Declining issues pounded advancers by an enormous margin, 5147-1322, though it could have been worse, and likely will be within days or weeks. New highs managed to stay ahead of new lows, but just barely, 275-220. It is worth noting that there was a tremendous run-up in stocks from mid-July through December of last year, so routinely making new 52-week highs is going to be a more difficult task in weeks and months ahead.

NASDAQ Volume 2,104,113,000
NYSE Volume 4,935,496,000


Crude futures continued to slide from their ridiculous levels of earlier in the month, losing 99 cents to close at $74.43, an odd occurrence for mid-summer driving season, though inventory levels continue to indicate slack demand. Gold caught another reasonable bid, up $4.10, to $1,233.80, with $1300 now the preferred price target. Silver slipped seven cents to $18.32. One wonders how long the gold boom - now in its tenth year - can last and whether these current levels indicate a topping pattern. Quadrupling your money by simply holding onto coins or bars over the past decade seems to have been the best of all trades, even though one would not have to as much as lift a finger.

Such is the condition of markets today. Idleness may be the best recipe for preservation of capital as deflation holds prices down and punishes speculation.

Wednesday, July 14, 2010

Is This the End of the Rally?

Stocks may have gotten a little ahead of earnings schedule, as there was absolutely no lift to the markets, even after Intel's (INTC) blowout quarter, announced last night after the close.

Struggling all day to find any buying interest, Dow and S&P stocks sent the majority of the day trading just below the flat line, with the NASDAQ sporting slim gains.

After the FOMC minutes were released at 2:00 pm, stocks abruptly turned lower, but traders boosted them back to nearly positive by the end of the session, ending with two indices up and two down, though marginally. Overall, the FOMC minutes may have had the most impact, as the opinions expressed revealed that a majority of Fed governors felt that while the economy would not fall into recession again, growth would be moderate and it would take five or six years for the US economy to regain a solid footing.

That kind of sentiment cannot be encouraging to the general sentiment and it showed up immediately in the lackluster trading and rocky internals.

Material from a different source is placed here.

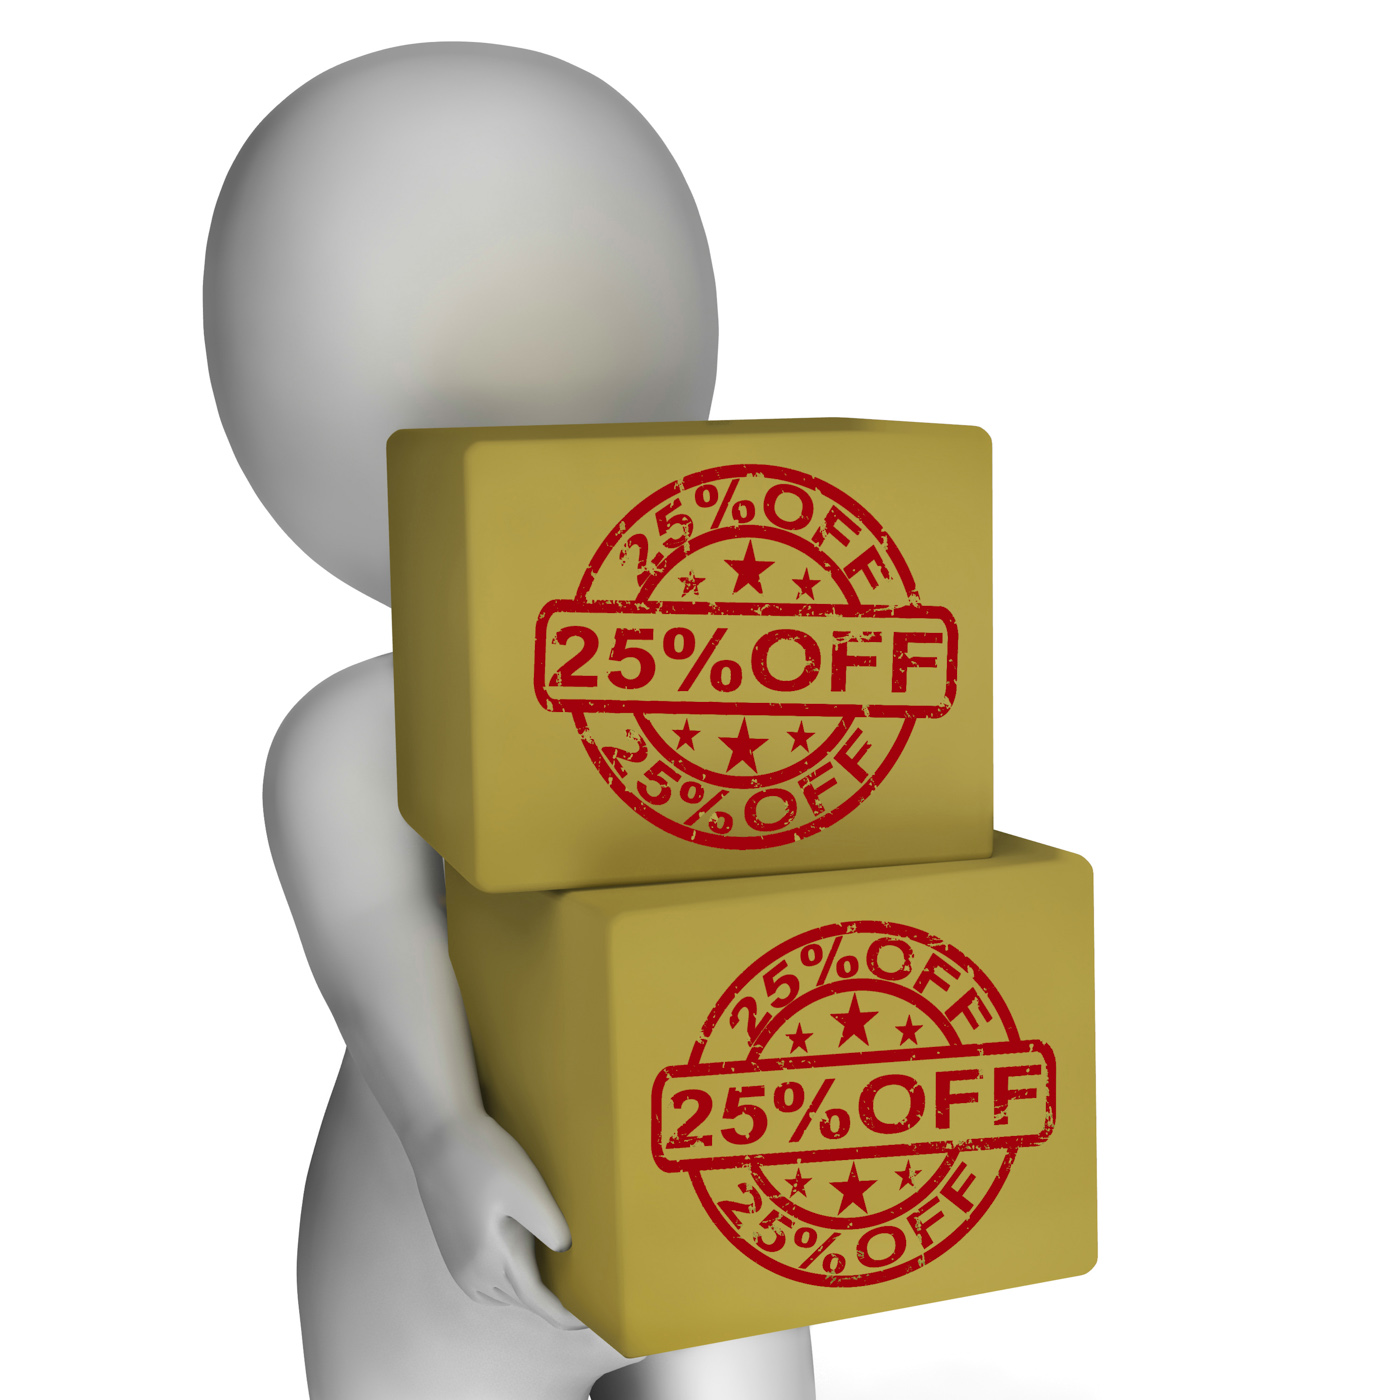 Twenty five percent off boxes show 25 price markdown photo

What seems to be most disconcerting to stocks are technical n nature, as the indices are all toying with the space between the 200-day moving average and the 50-day. In each case, the two have crossed, with the 200-day now declining, along with the 50-day. Moving past the 200-day line will take some very positive news, though any gains in such a sloe environment are unlikely to be lasting. It seems as though the entire earnings season has already been wasted on the past six days, in which the indices already gained 7-8%, a big enough move in any environment. Adding to the confusion is options expiration this Friday, which has no doubt contributed in a big way to the sudden upside surge.

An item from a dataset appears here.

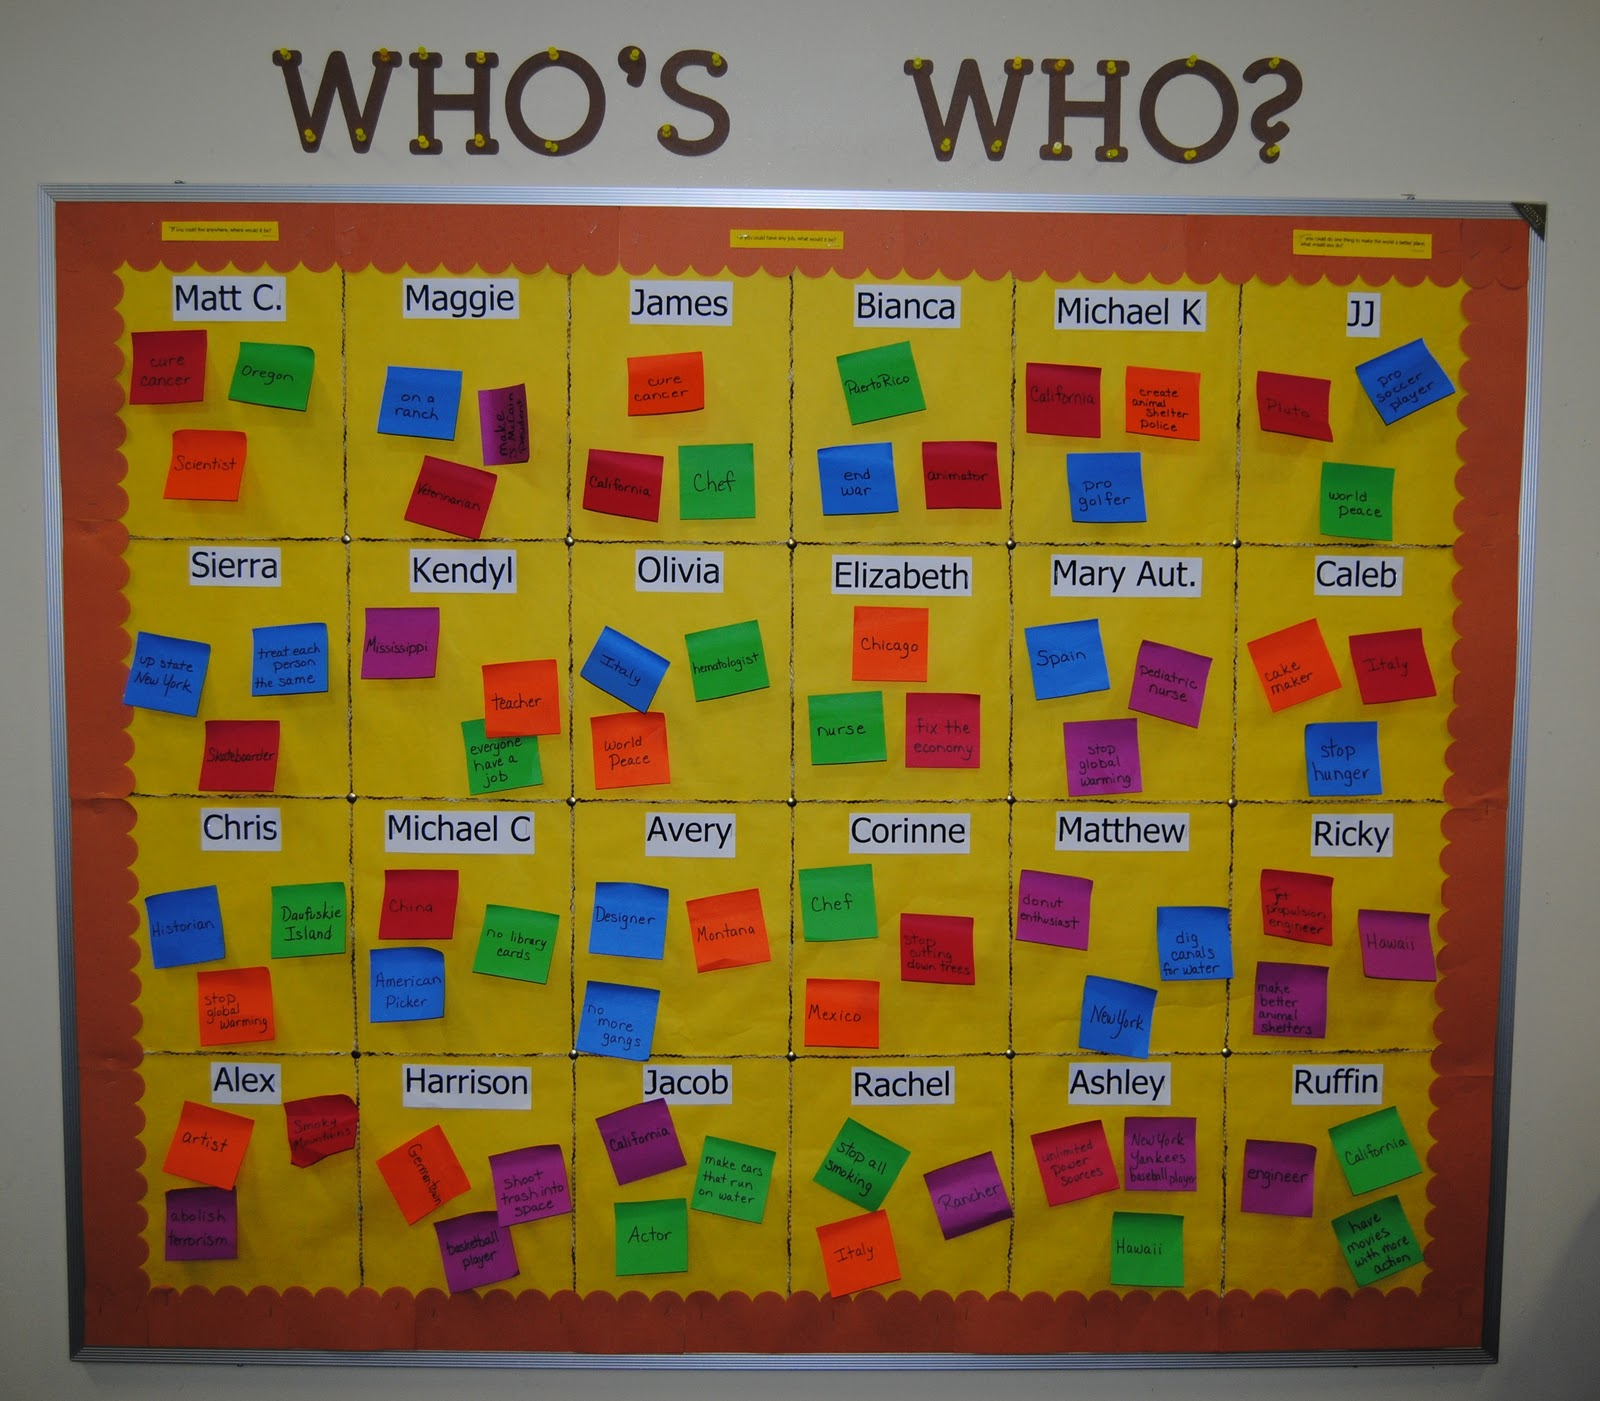 Inside Bodine Middle Schools Whos Who Bulletin Board

Dow 10,366.72, +3.70 (0.04%)
NASDAQ 2,249.84. +7.81 (0.35%)
S&P 500 1,095.17, -0.17 (0.02%)
NYSE Composite 6,903.36, -4.42 (0.06%)


Declining issues led advancers, 3535-2828, though new high remained well beyond the reach of new lows, 176-41. It should be noted that at this time last year, stocks surged powerfully, and that should negate any strengthening of new lows for a considerable period. Volume was just about average.

NASDAQ Volume 2,165,528,750
NYSE Volume 4,653,667,000


Stocks weren't the only assets stuck in neutral. Commodities hugged the unchanged mark most of the day. Oil lost 11 cents, closing at $77.04. Gold dropped $6.50, to $1,206.80, while silver added 4 cents, to $18.27.

Financial stocks are next up on the calendar, along with PPI and CPI on Thursday and Friday, respectively. JP Morgan Chase (JPM) reports prior to the open on Thursday, with Bank of America (BAC) and Citigroup (C) releasing on Friday.

There have been no major surprises, though retail sales were reportedly weak (not surprising) and Intel's earnings - in an ordinary environment - would have ignited a powerful rally in techs, though none was forthcoming.

An air of extreme caution and pessimism about the future seems to have fully enveloped Wall Street.

Tuesday, July 13, 2010

All Aboard! CSX Prompts 6th Straight Day of Gains

This is what earnings season is all about.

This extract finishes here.